▶ [TASK DIRECTIONS]: Please print exactly the lines from the line containing "Anda Mncayi, Dreaming-Awake" through the end of the data, no more, and keep pictures out of the copy.

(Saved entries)
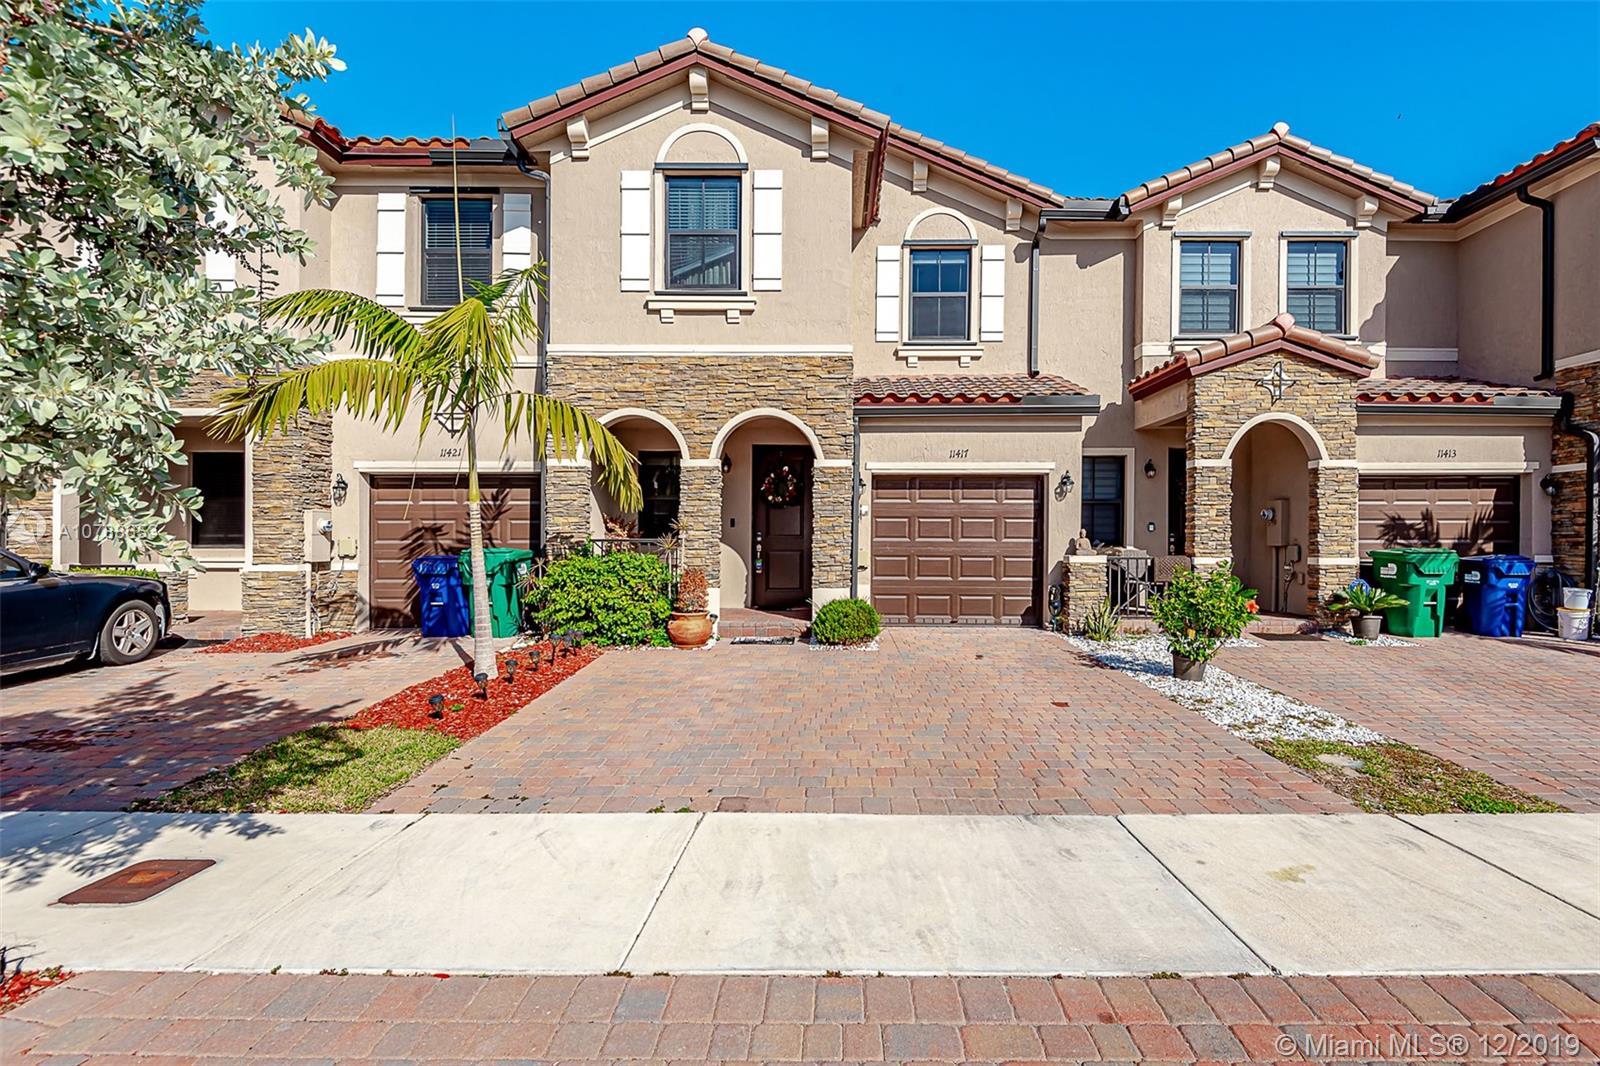 11417 SW 252nd St, Homestead, FL 33032 - Homestead, FL real estate listing
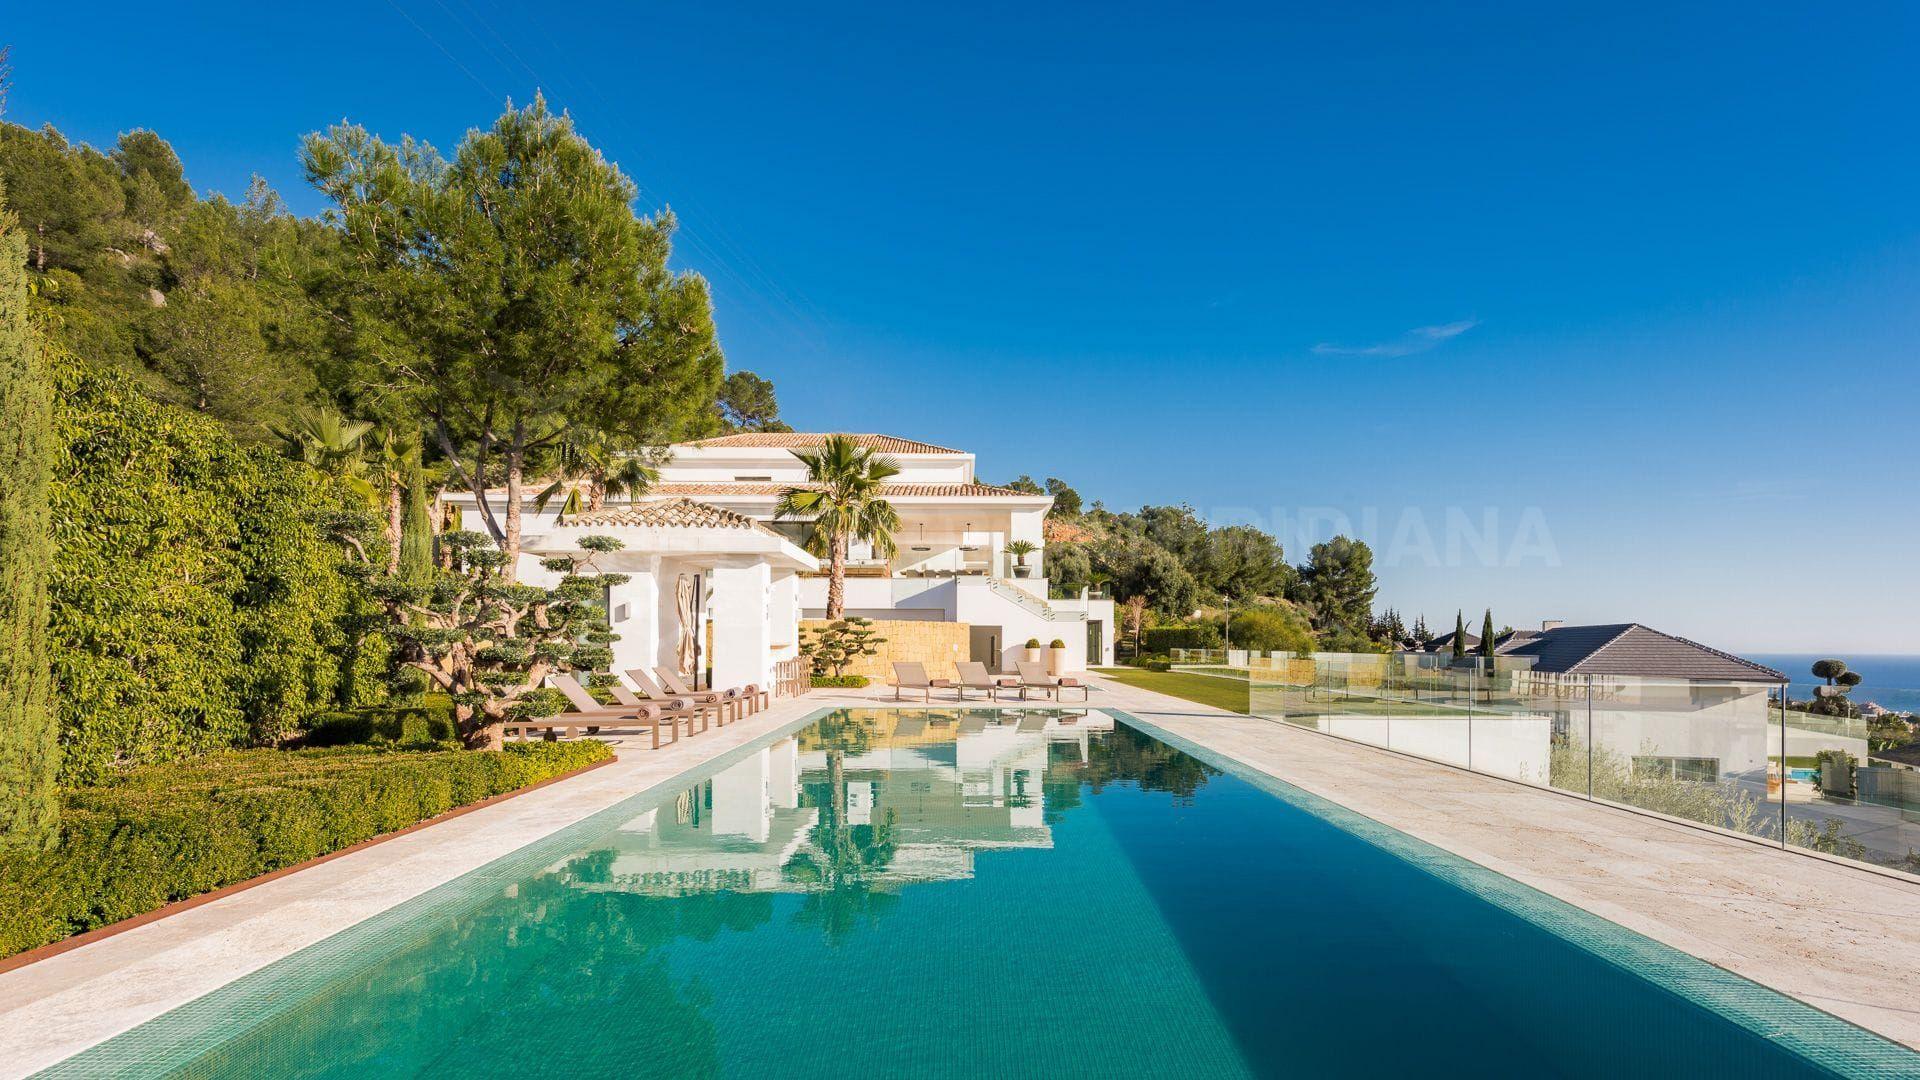 Terra Meridiana announces exclusive opportunity to market exceptional luxury villa in Cascada de Camojan
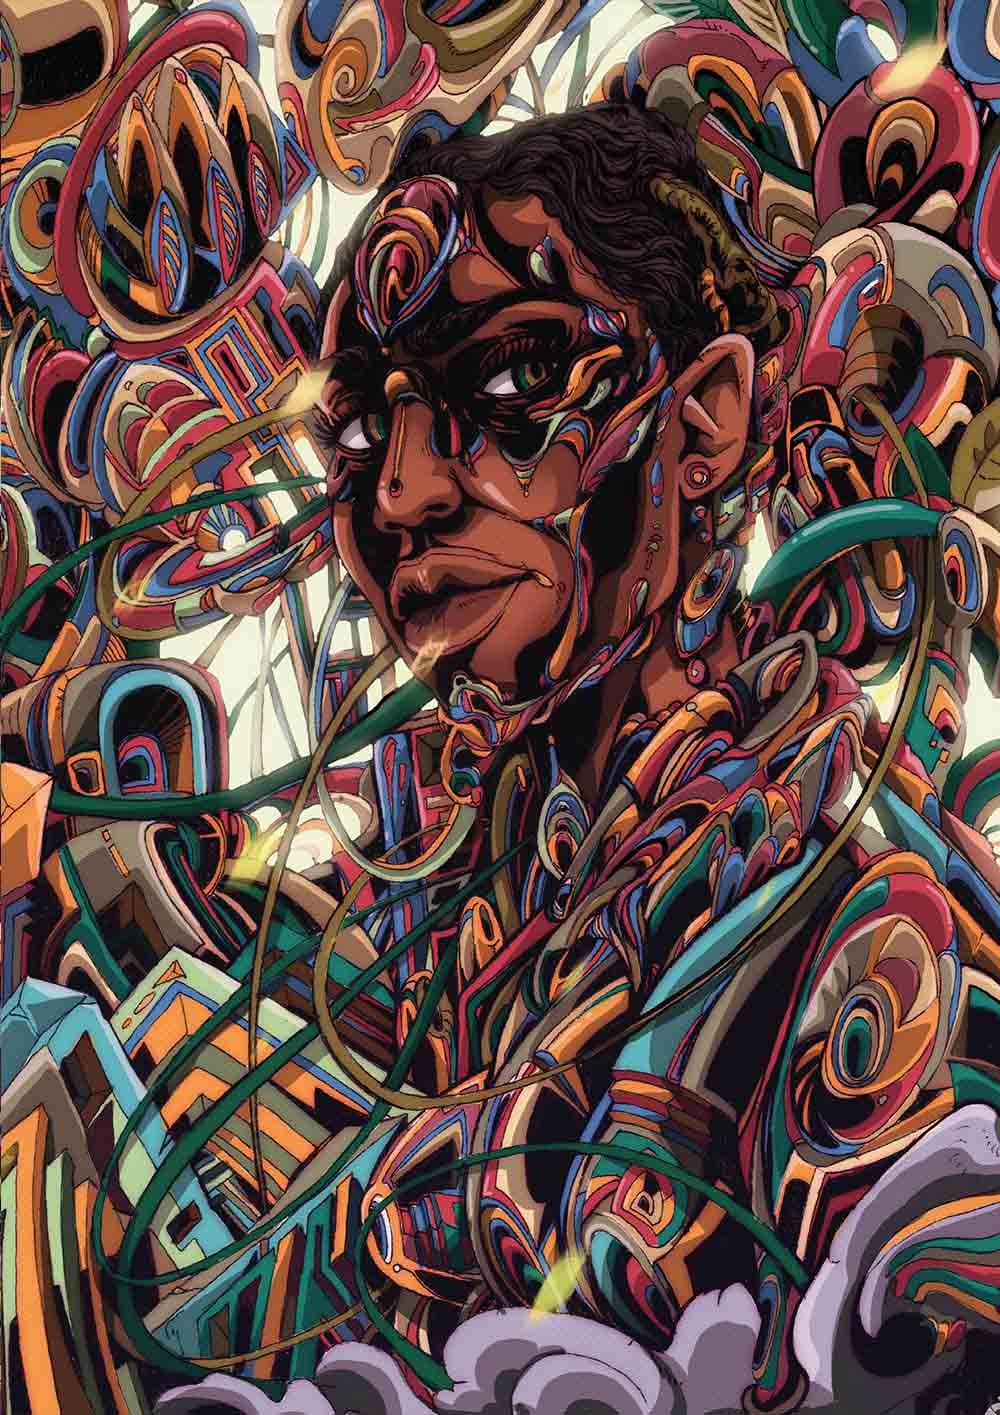 Anda Mncayi, Dreaming-Awake - Awake, 2017. A2 Inkjet, True Fibre
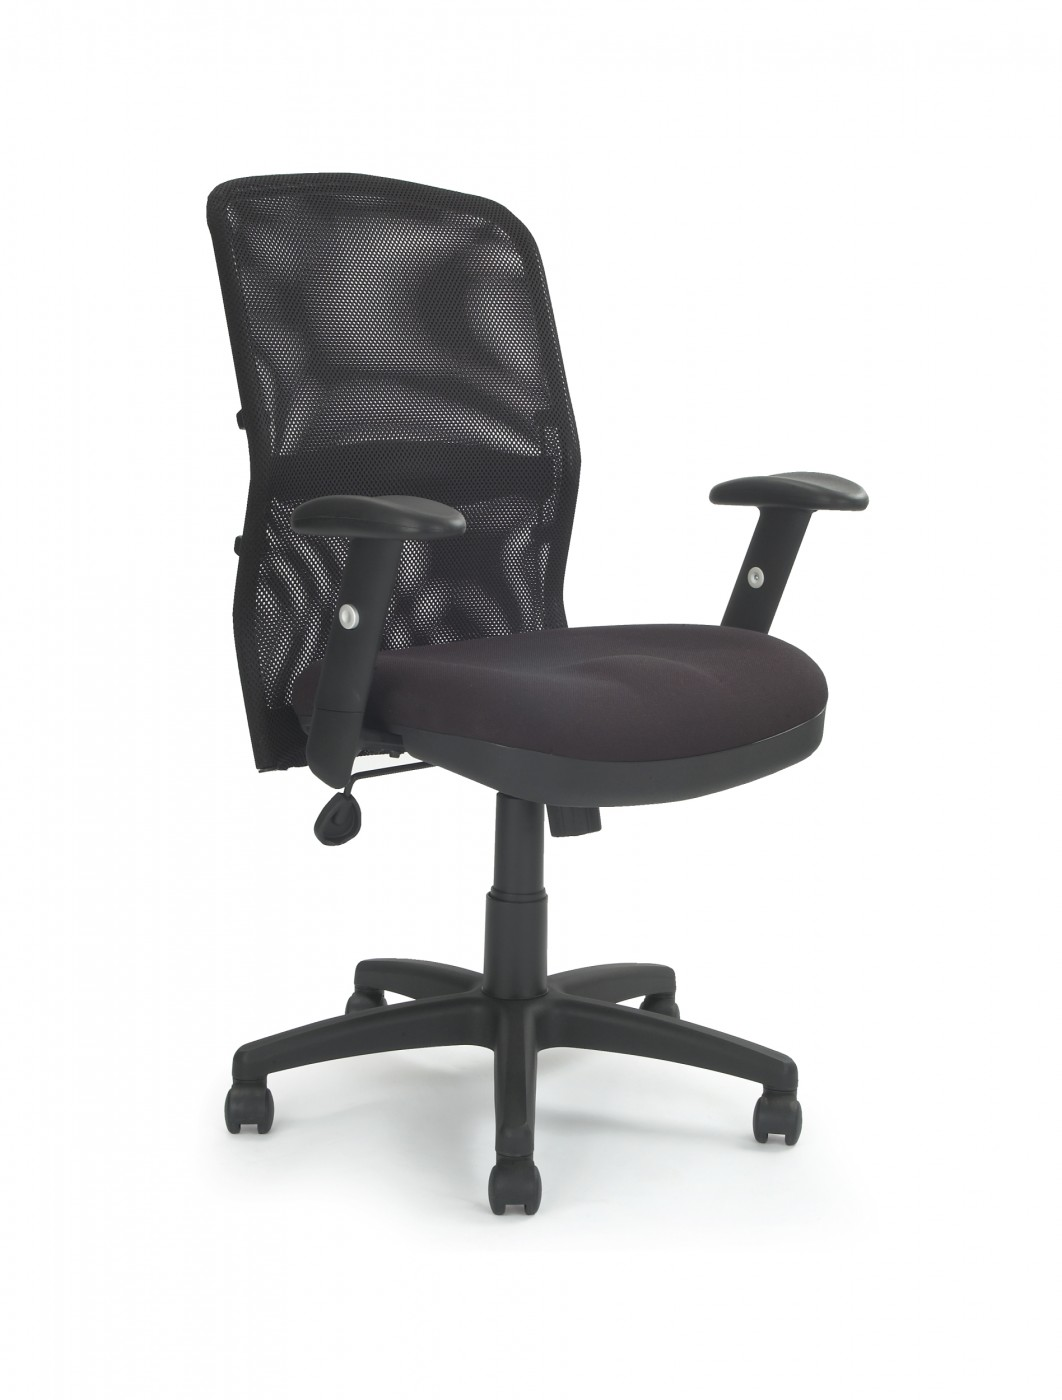 Jupiter Managers Chair 6200ATGFBK 121 Office Furniture
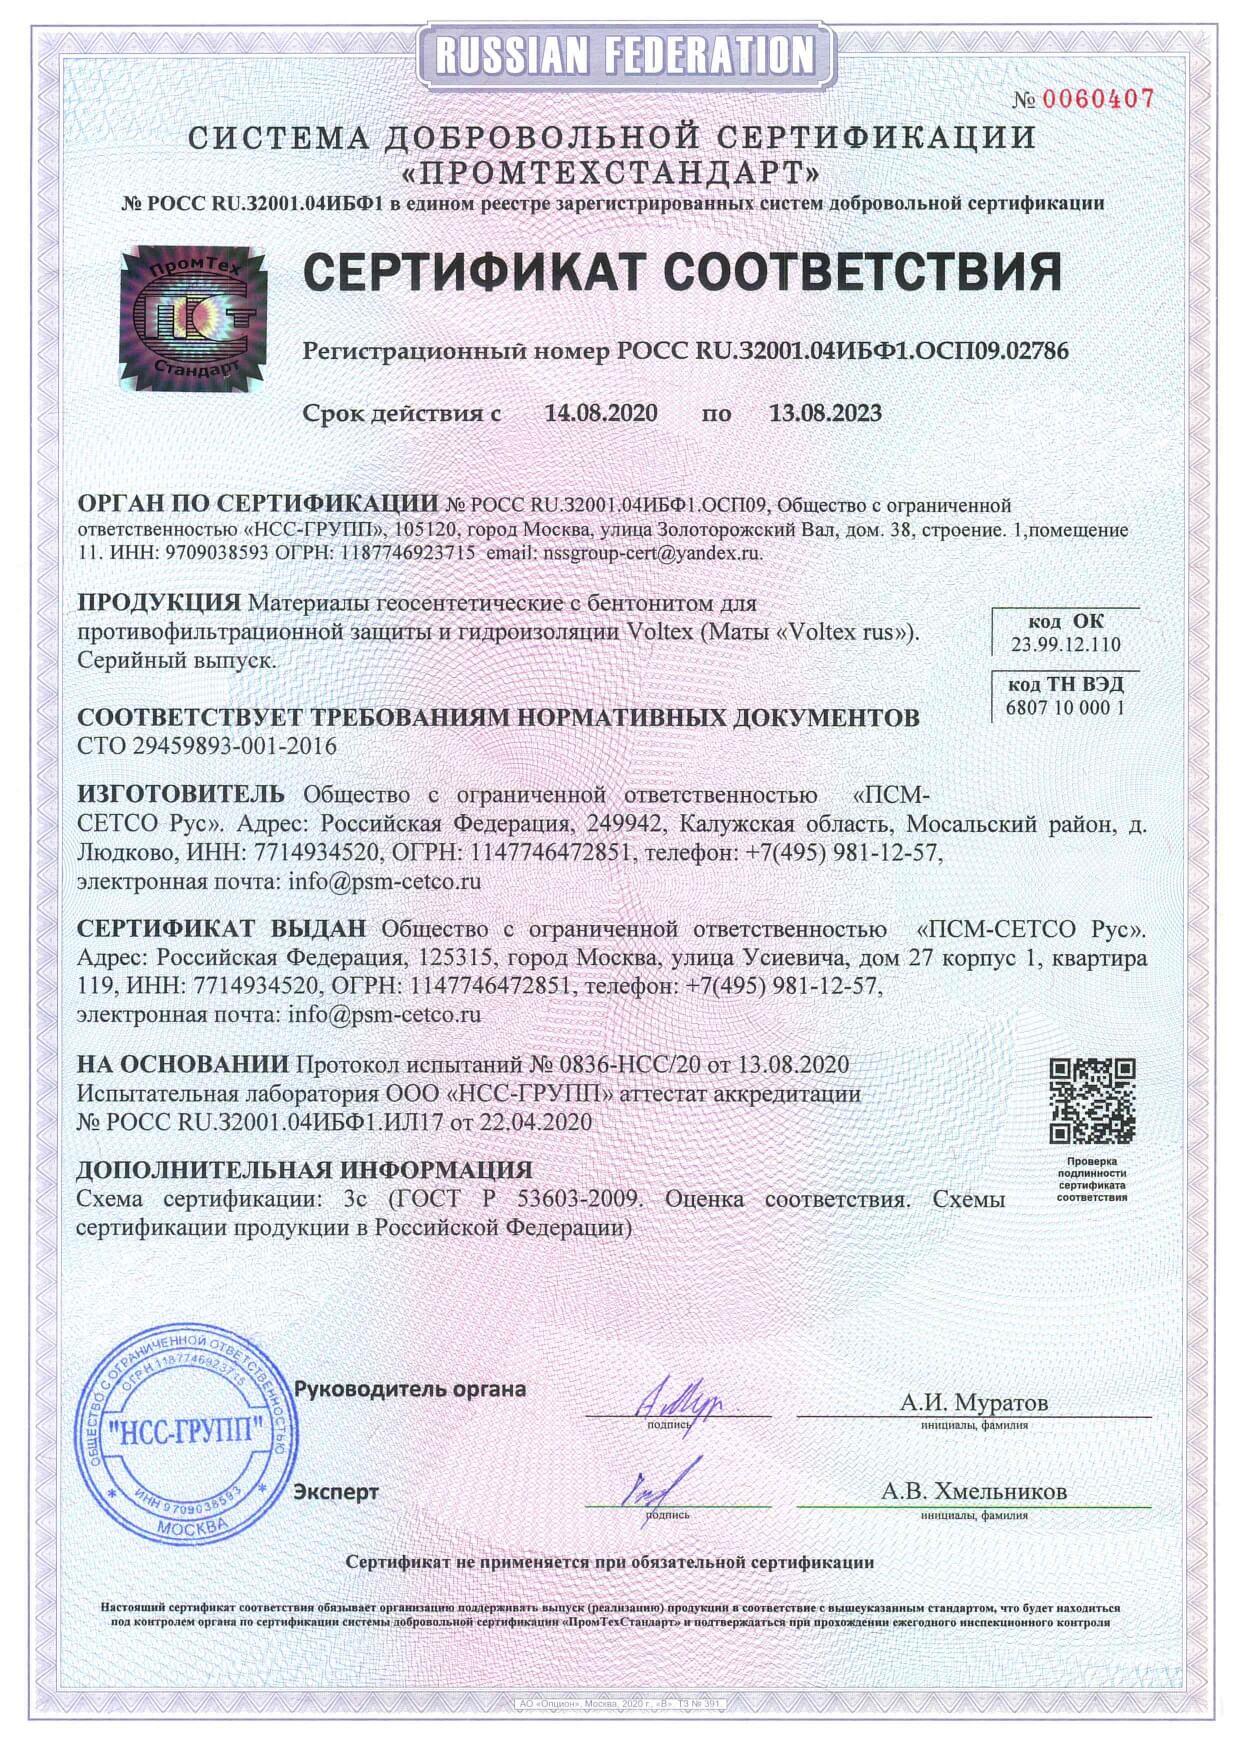 Сертификат  Voltex rus

▶ [YOUR SOLUTION]:
 Anda Mncayi, Dreaming-Awake - Awake, 2017. A2 Inkjet, True Fibre
 Jupiter Managers Chair 6200ATGFBK 121 Office Furniture
 Сертификат  Voltex rus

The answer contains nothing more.